When the judge asked if anyone would like to speak, Reverend Thompson felt the Holy Spirit was prompting him to get up and address Dylann. As he approached the podium he had no idea what he was going to say. He stood there and looked at the young man who had murdered his wife just 48 hours earlier. "As I looked at him," he recounted, "it was like no one else was in the room."
Then it happened. Reverend Thompson spoke words of healing rather than vengeance.
"I forgive you, and my family forgives you," he said, "and you need to confess to God and repent."
Reverend Thompson recalled, "As I spoke those words I felt the anger, bitterness and loneliness leaving my body. I felt this peace like none other. I realized that was the peace that passes all understanding. God's peace is real. But you are not going to get it until you forgive somebody."
Over the years, I have heard many messages about forgiving those who have hurt you, but none of them could match the sincerity I heard at Mother Emanuel Church that night. Reverend Thompson was literally standing one floor above where his wife and eight others were gunned down in the basement. Yet his message was clear and unwavering: "Only forgiveness can bring about healing in your life." I sat there with hundreds of others that evening amazed at how hatred, racism and violence were defeated with one simple act of forgiveness.
We carry a lot of baggage. When someone has intentionally hurt us or someone that we love, it is easy to carry bitterness and anger from our past into our future. If that is you, here is something to consider: What if forgiveness is more about setting you free than it is about setting them free?
Colossians 3:13 says, "Bear with each other and forgive whatever grievance you may have against one another. Forgive as the Lord forgave you" (NIV).

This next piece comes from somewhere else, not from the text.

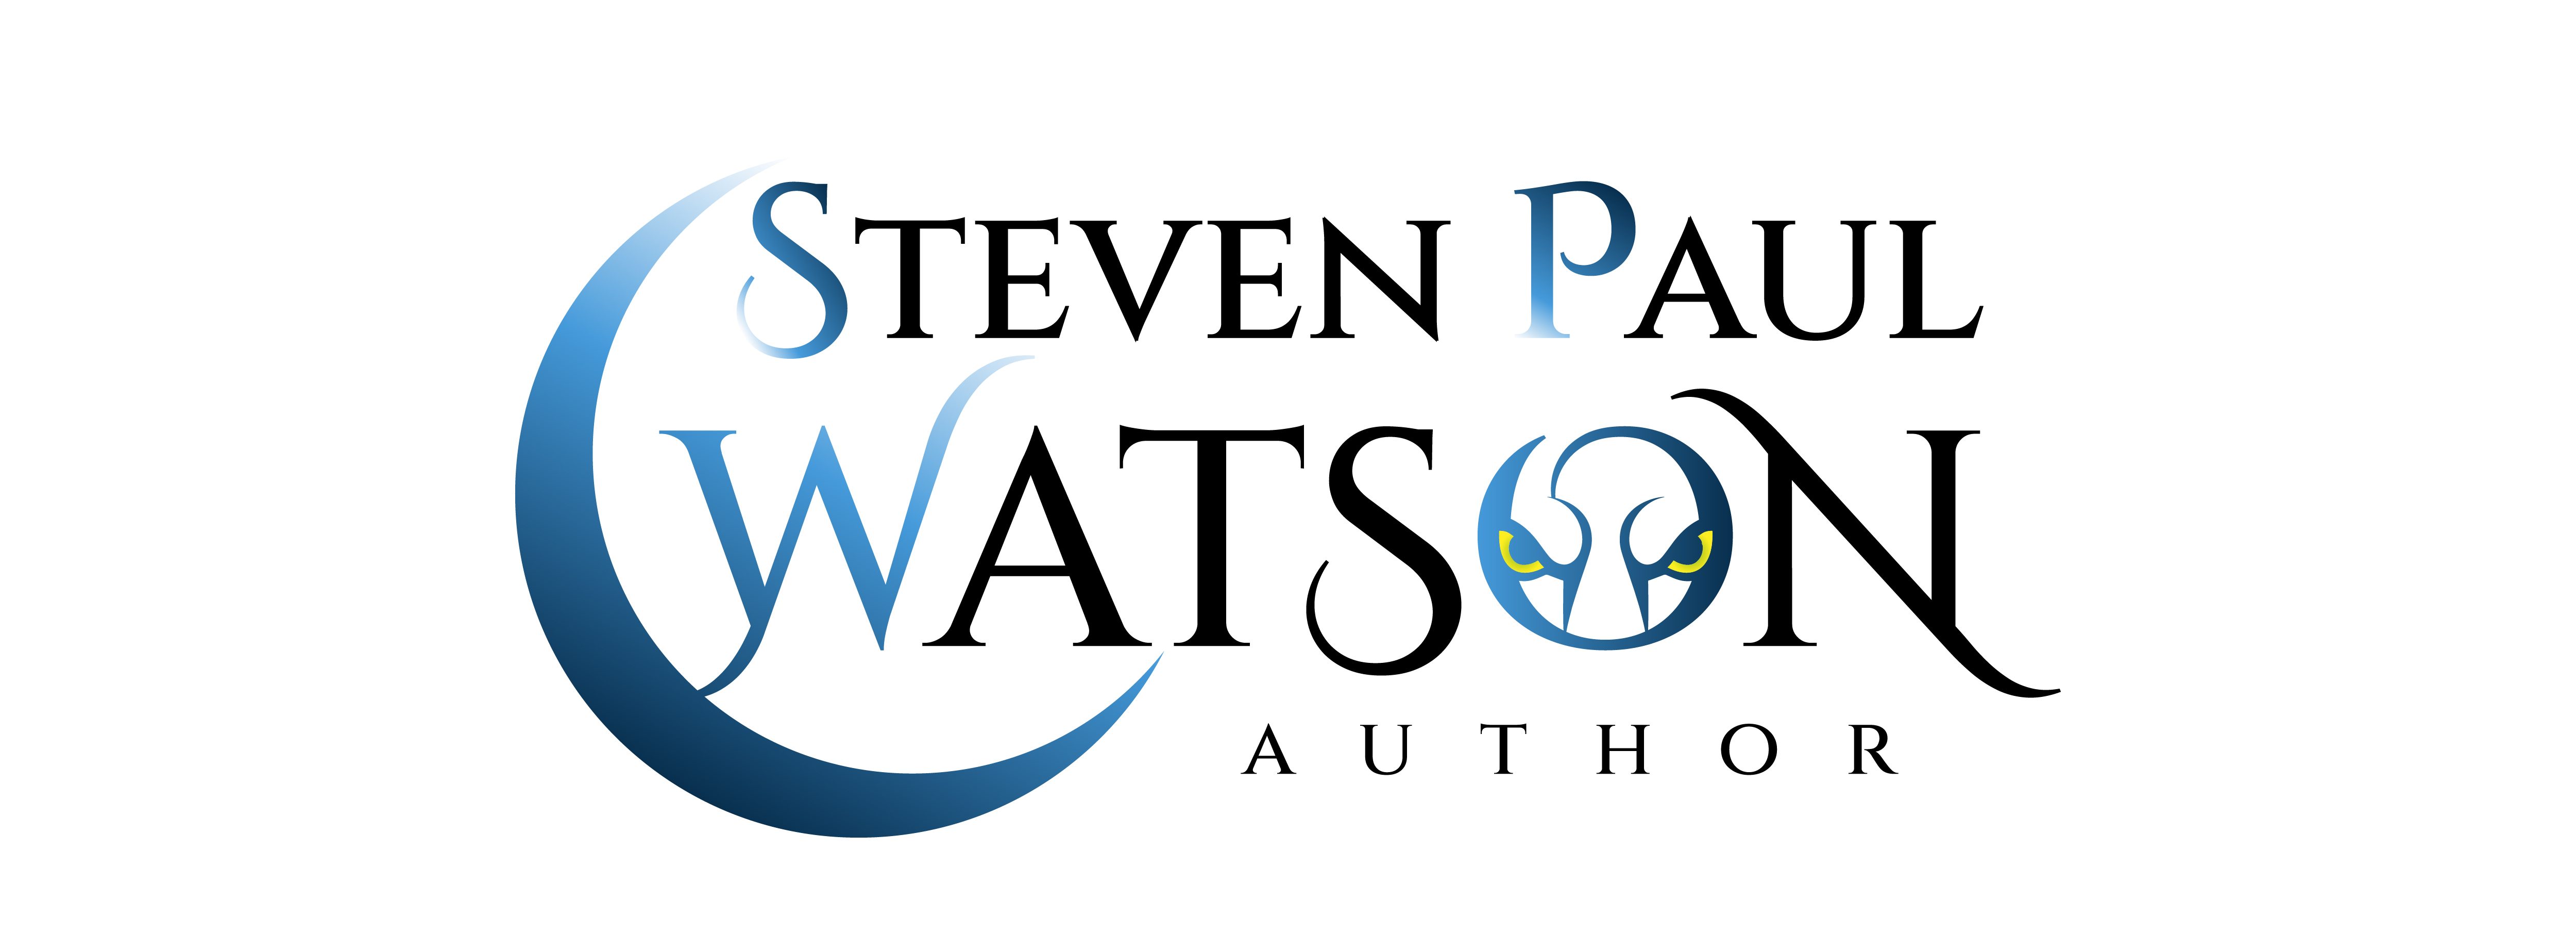 Steven Paul Watson, Author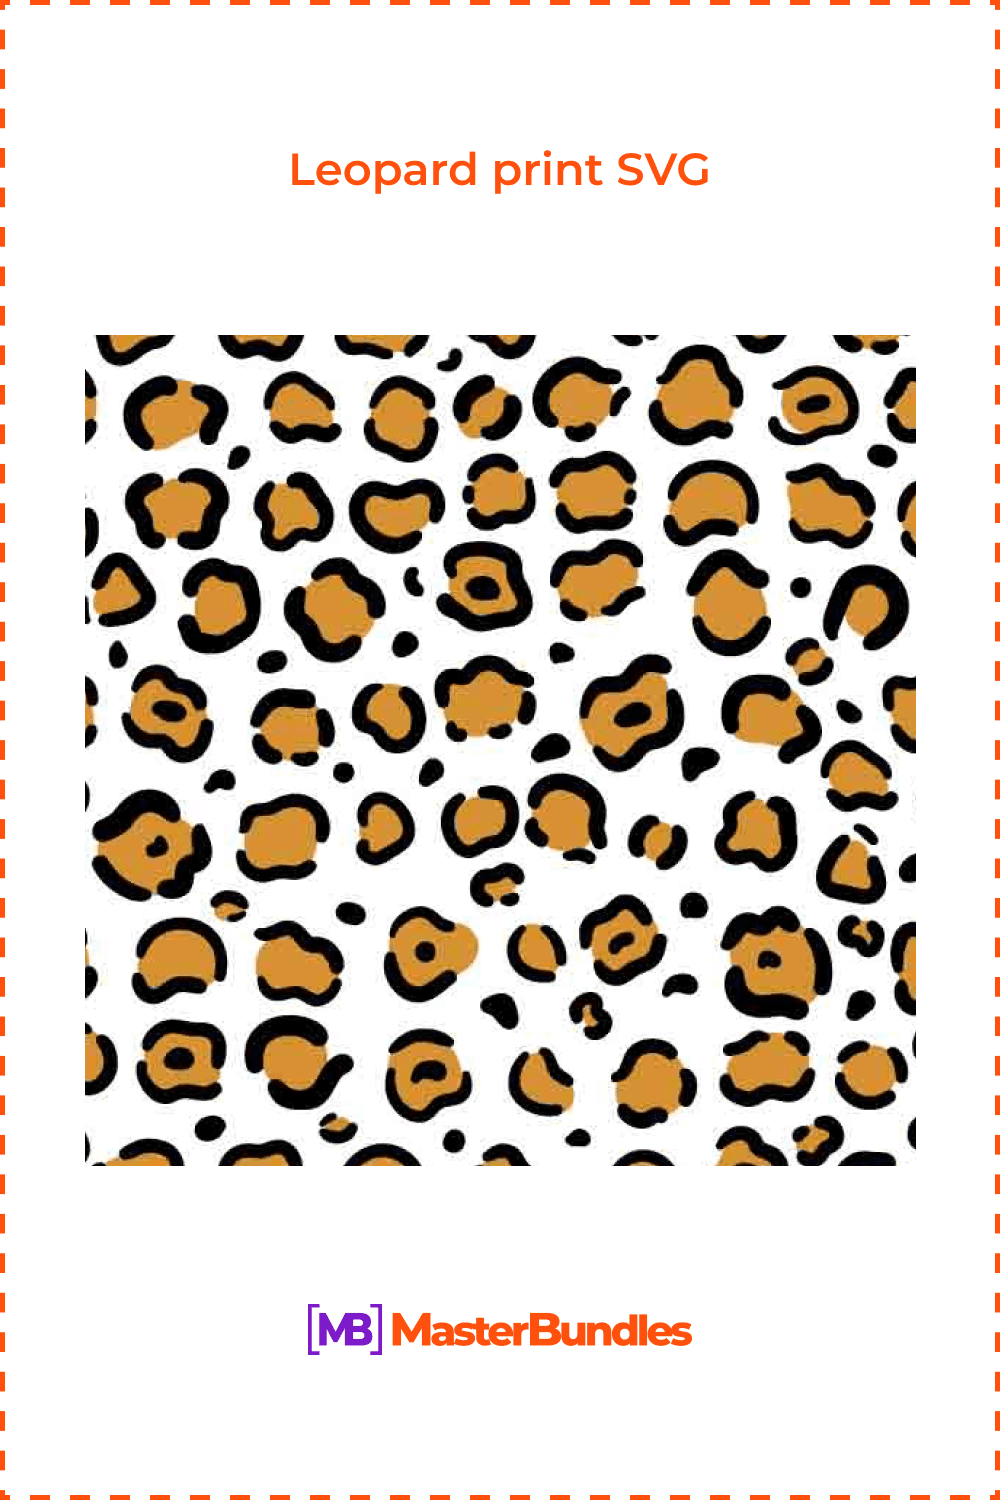 Leopard print SVG.

I have found in my life that forgiveness is a wonderful concept until you are the one who has to offer the forgiveness! That is where the struggle begins. Letting go of our anger and bitterness is never easy because the hurt and pain someone caused you is undeniable.
Perhaps it is time you say the words you said you would never say. Imagine feeling the anger and bitterness leaving your body as you say, "I forgive you." Those three words sound a lot like Jesus.
To quote Reverend Thompson again, "God's peace is real. But you are not going to get it until you forgive somebody."